§ **What to work on**: Would you give the listing back word for word once its pictures are removed?

§ **Collected material**:
* * * * * * * * *

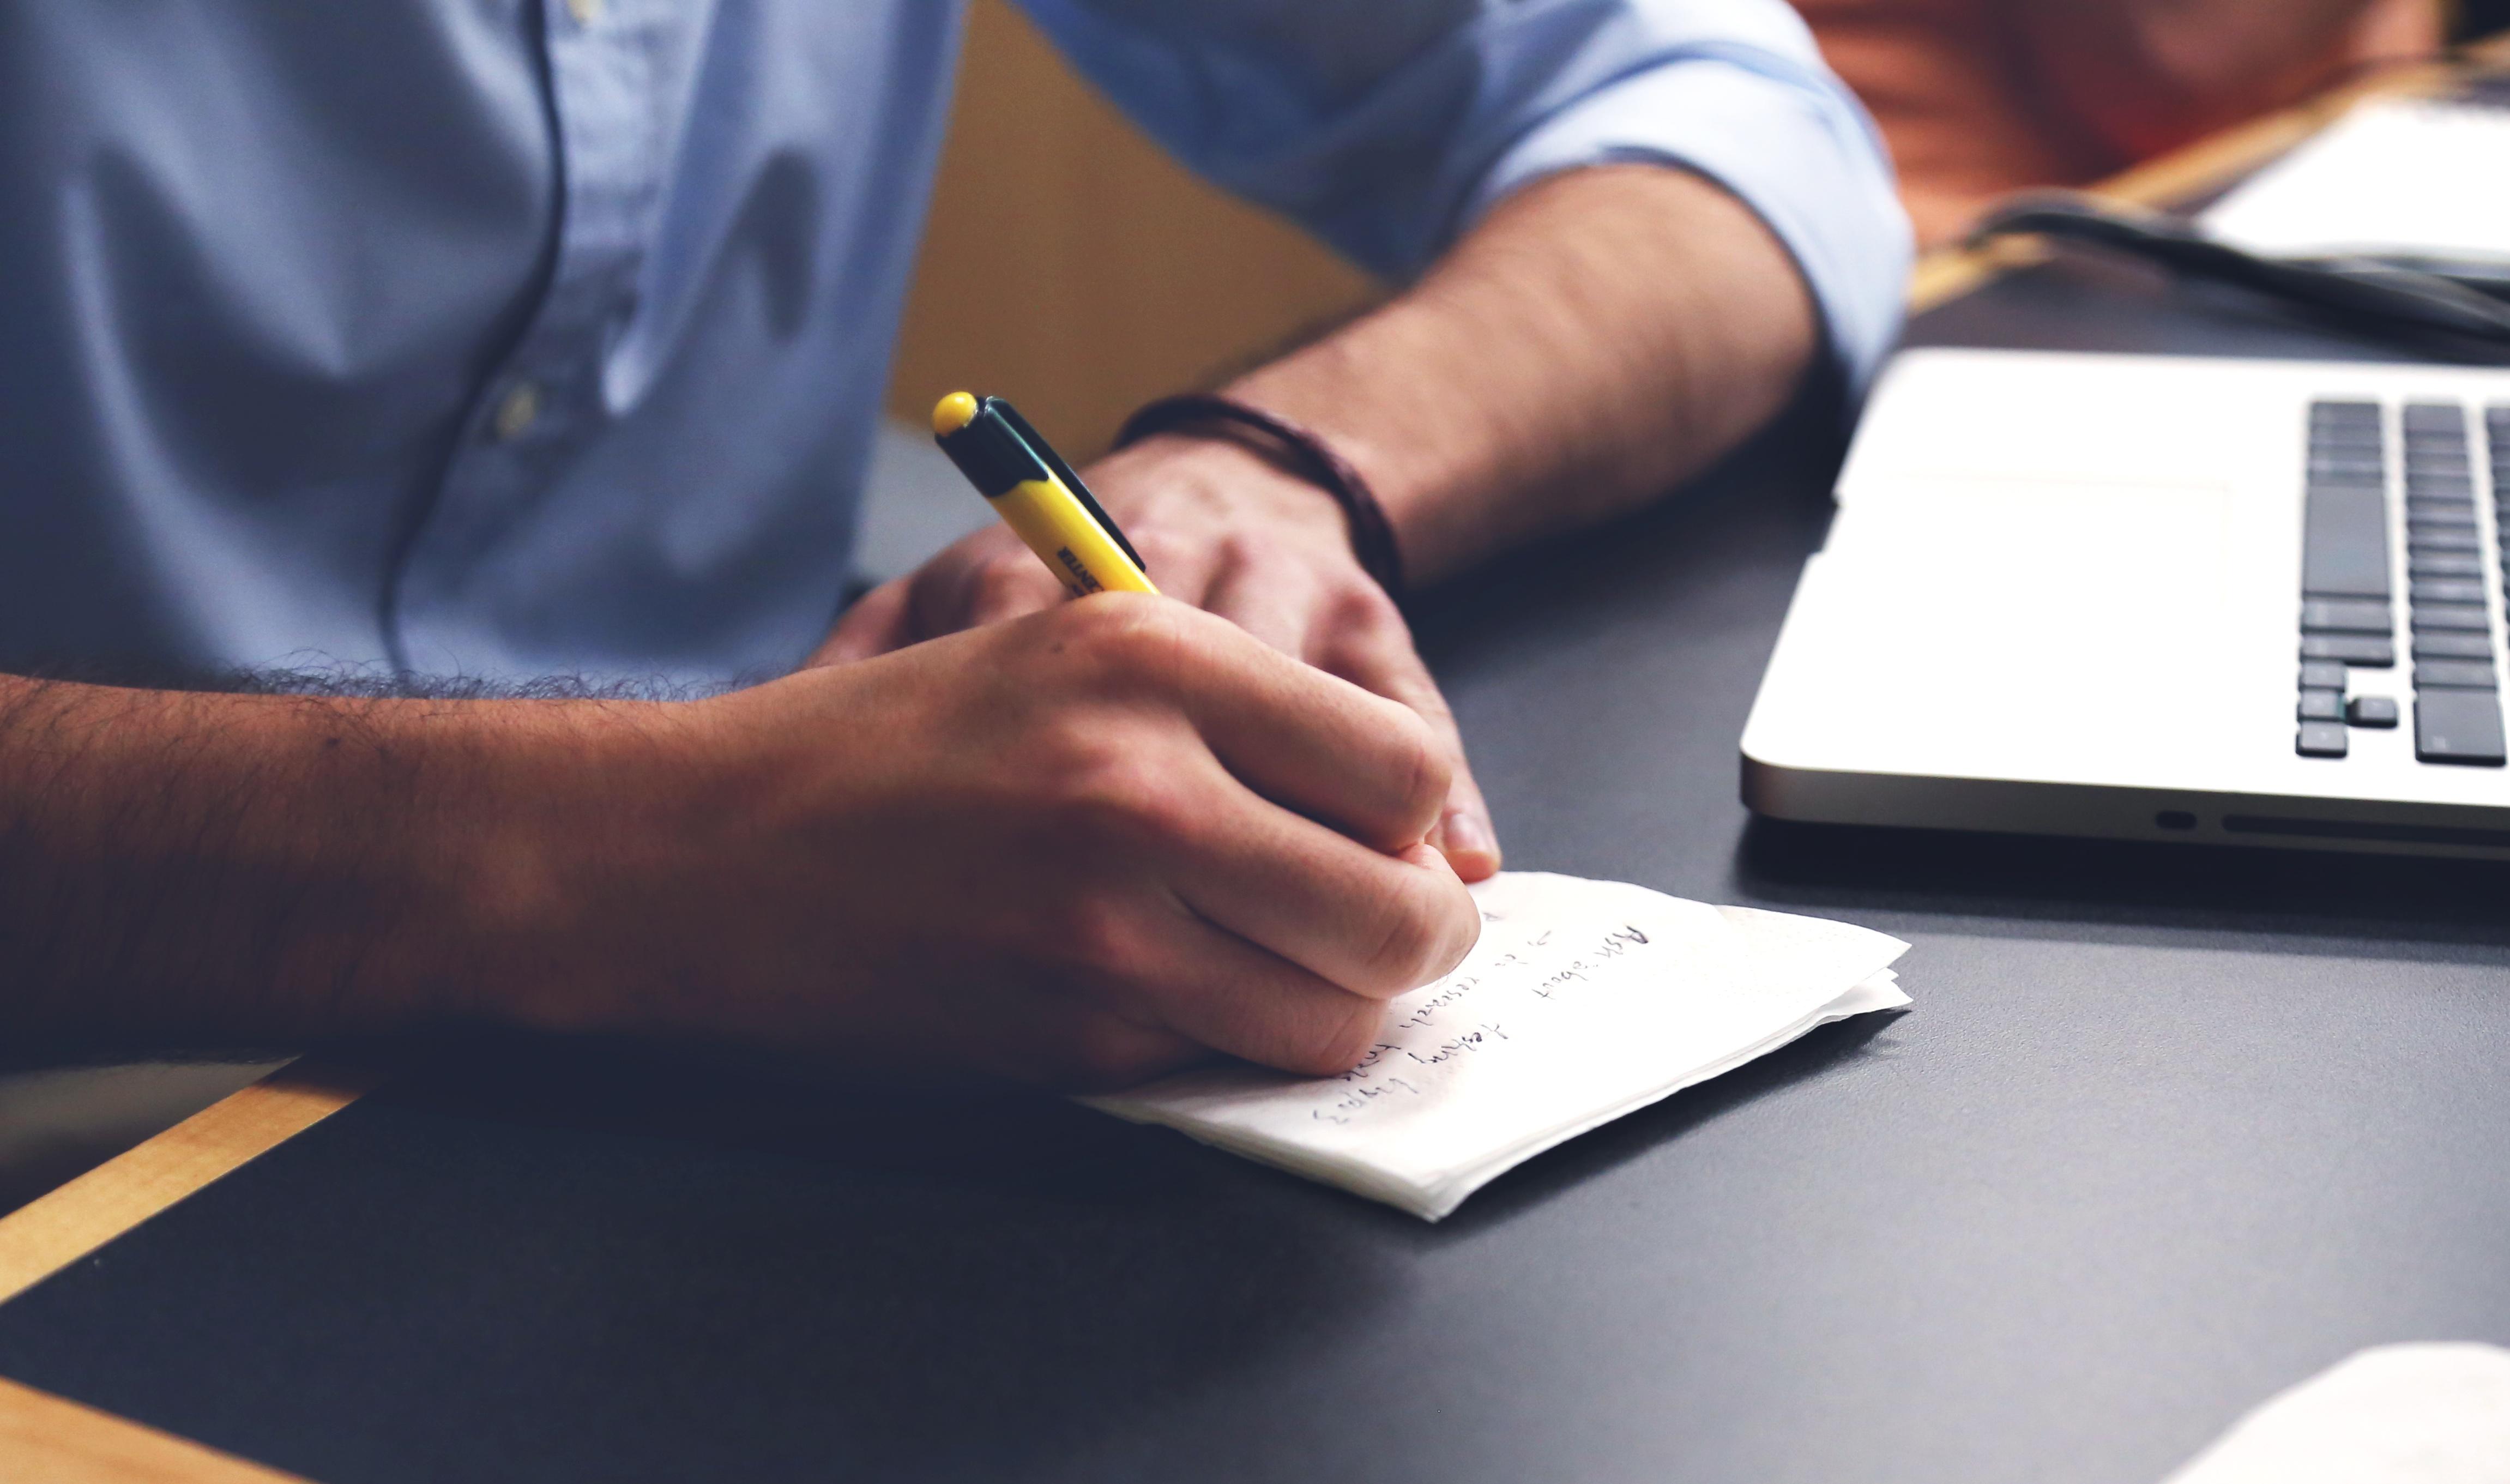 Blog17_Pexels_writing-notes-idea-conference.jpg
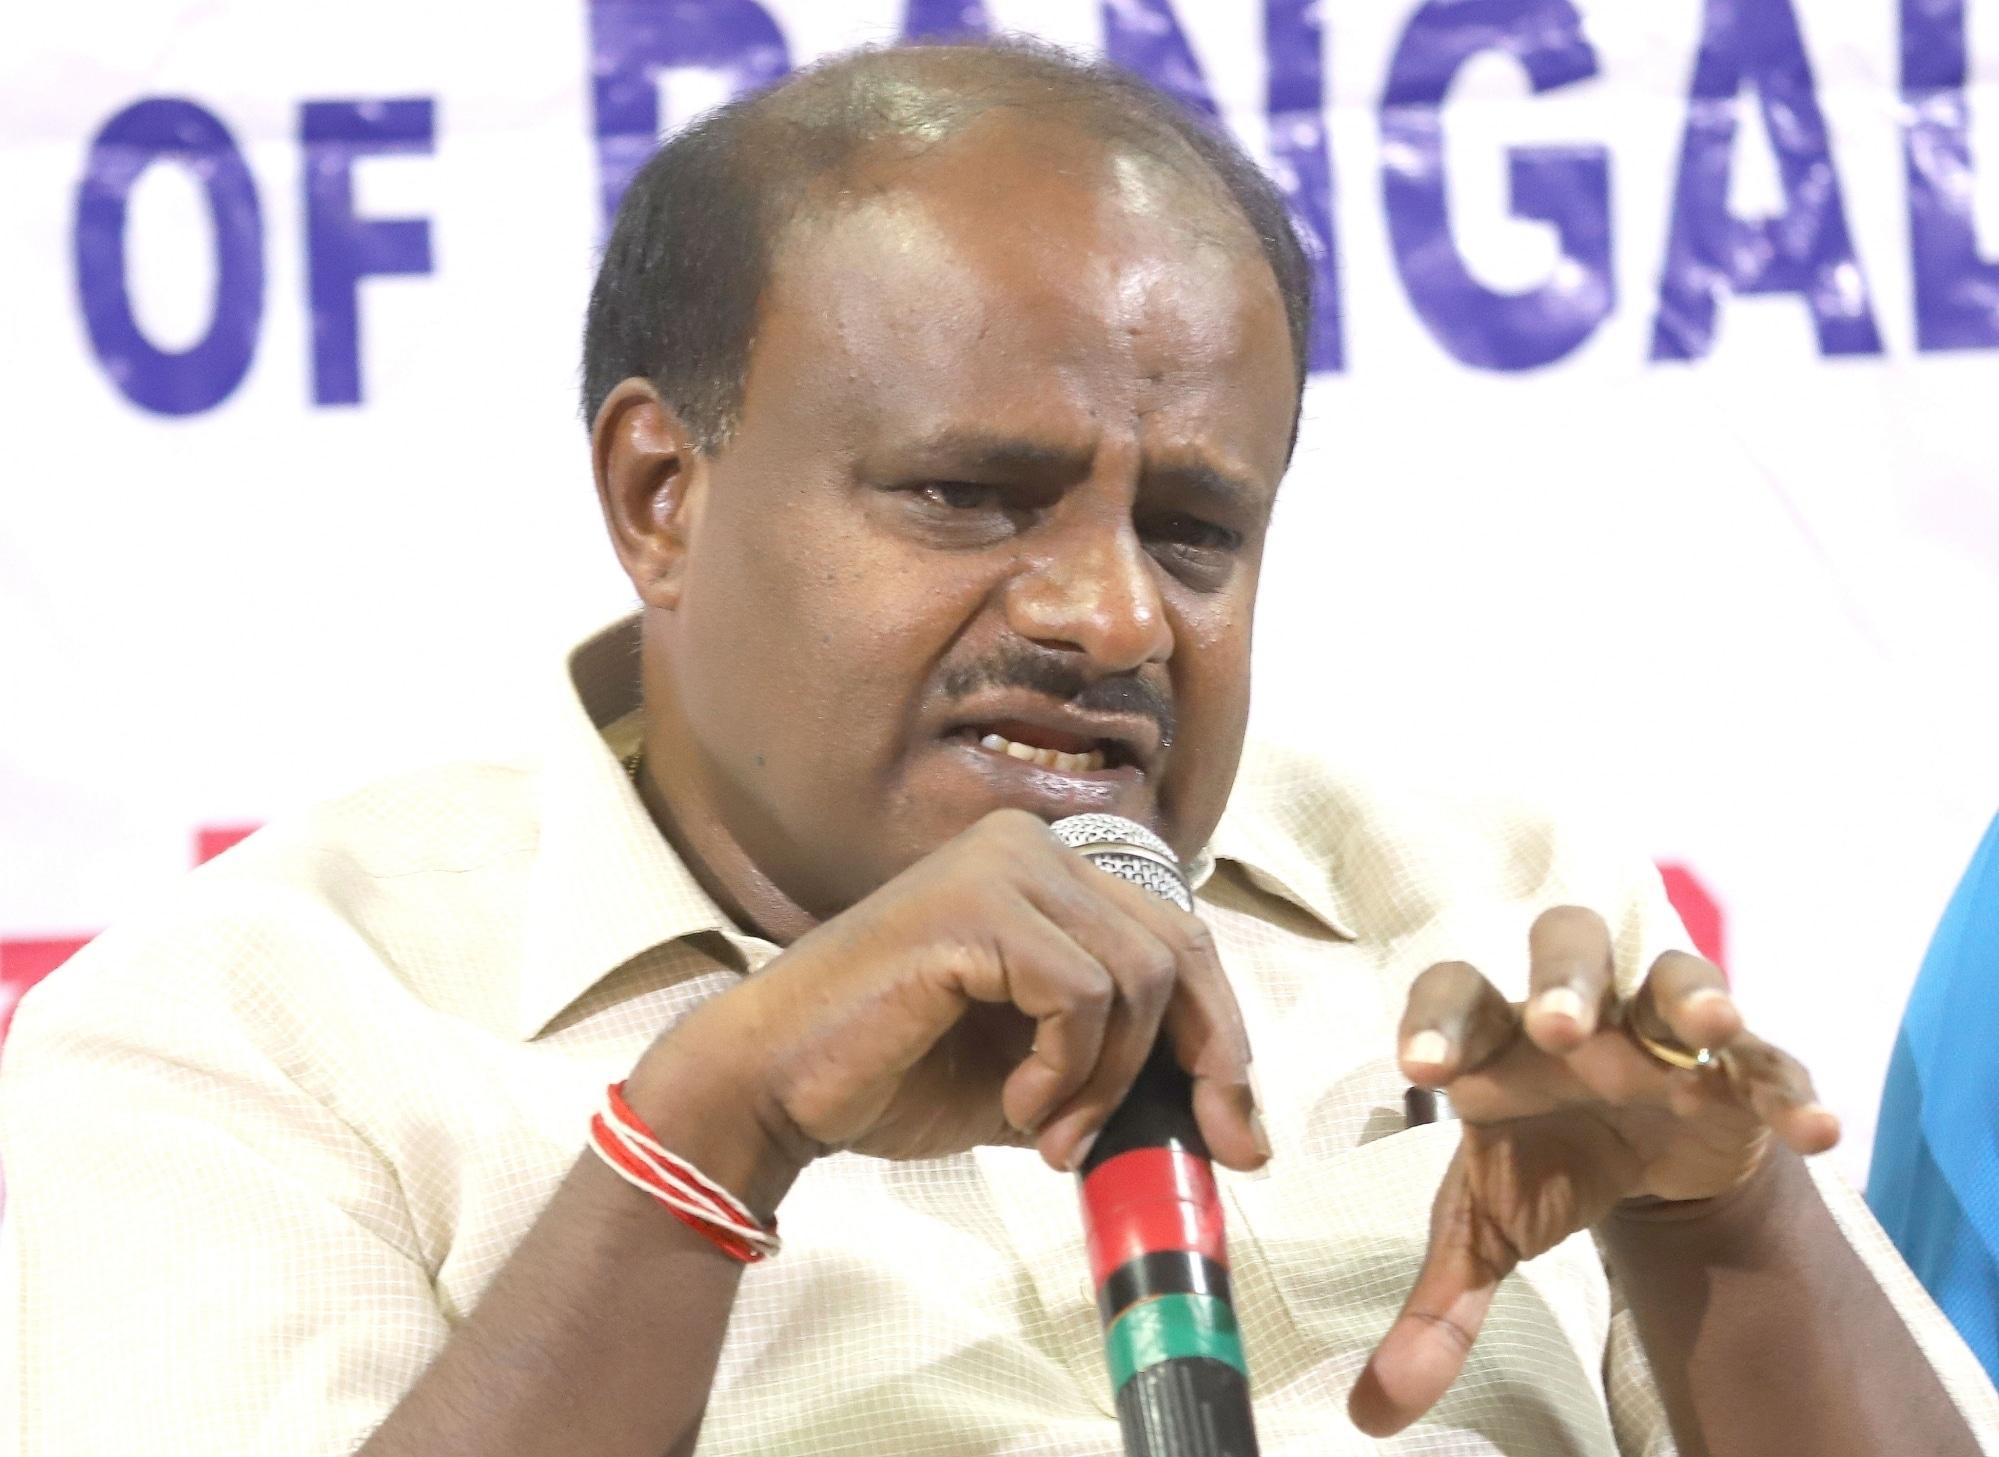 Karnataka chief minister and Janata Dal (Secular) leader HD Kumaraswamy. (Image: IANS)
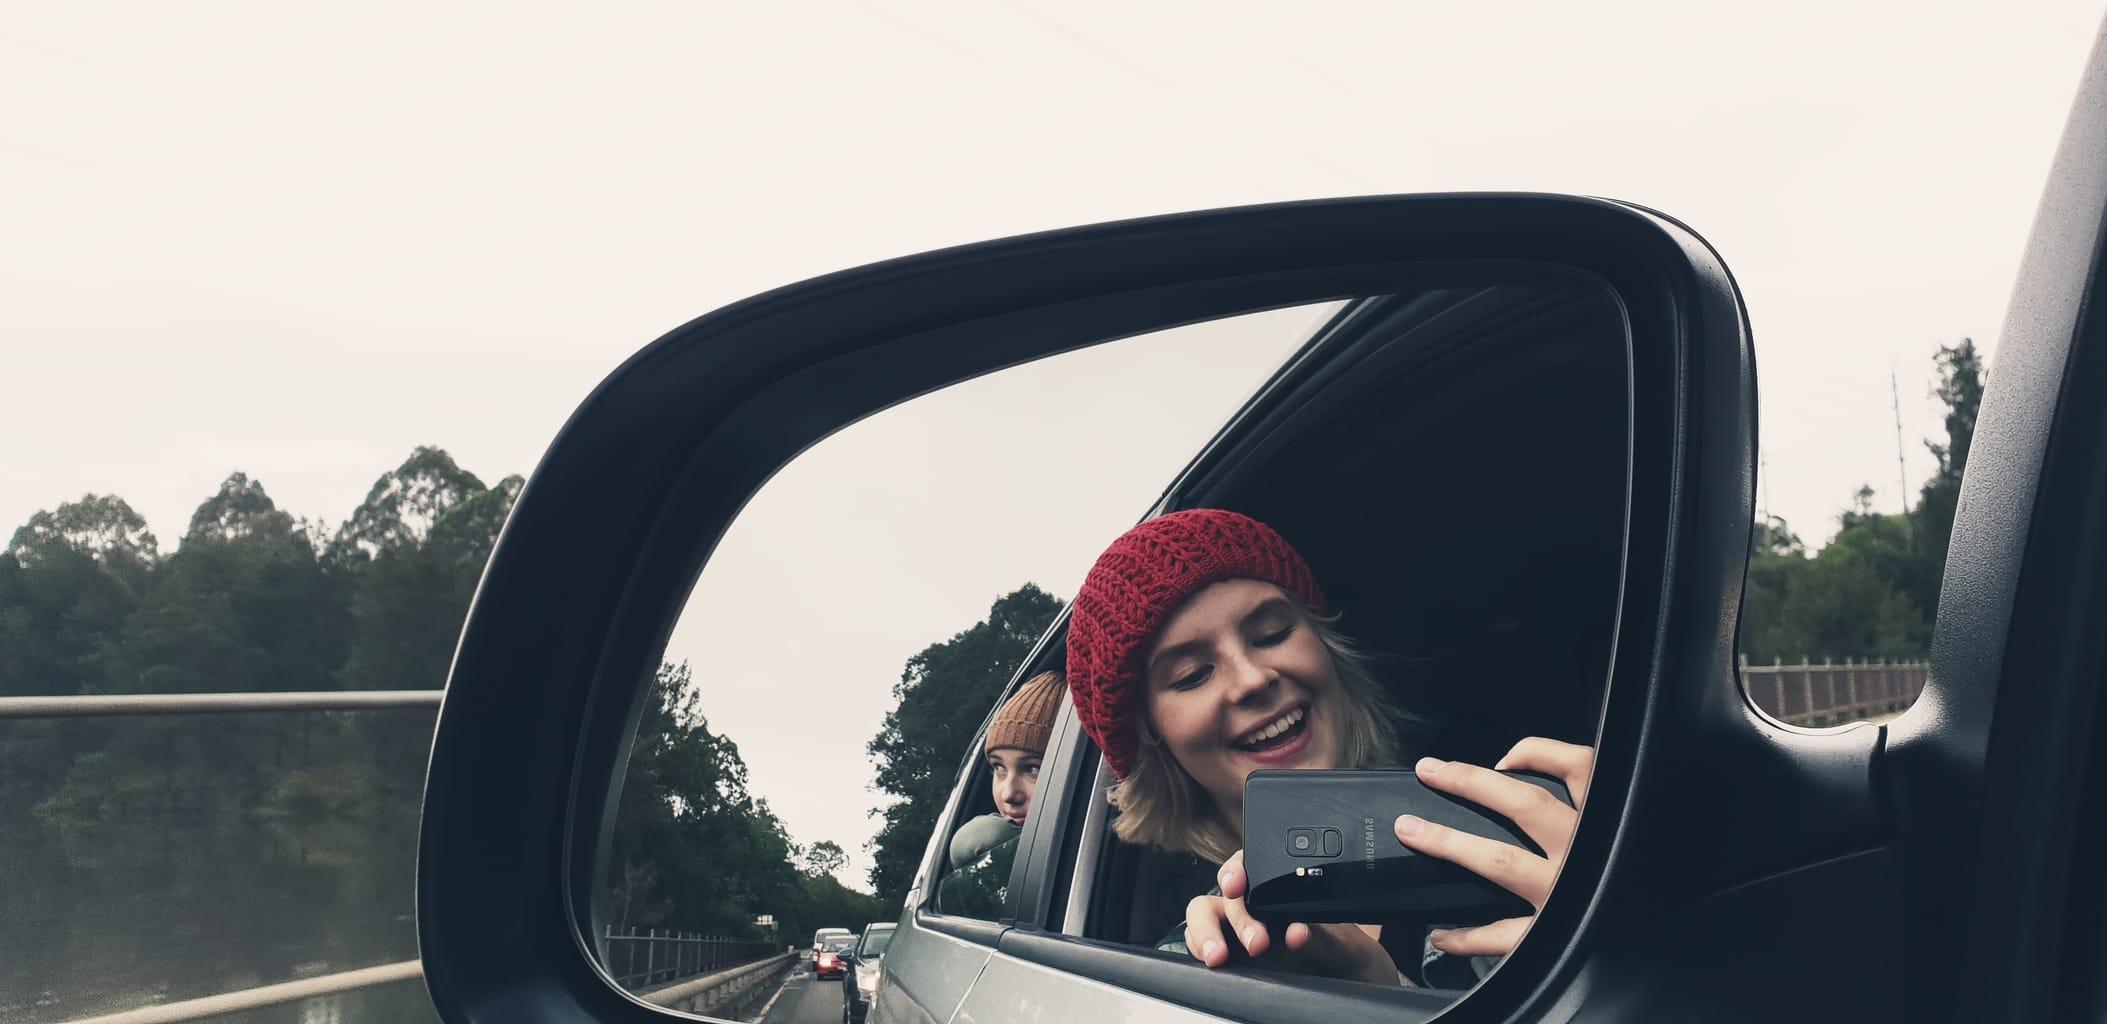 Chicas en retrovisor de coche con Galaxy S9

* * * * * * * * *

§ **Final answer**:
 Blog17_Pexels_writing-notes-idea-conference.jpg
 Karnataka chief minister and Janata Dal (Secular) leader HD Kumaraswamy. (Image: IANS)
 Chicas en retrovisor de coche con Galaxy S9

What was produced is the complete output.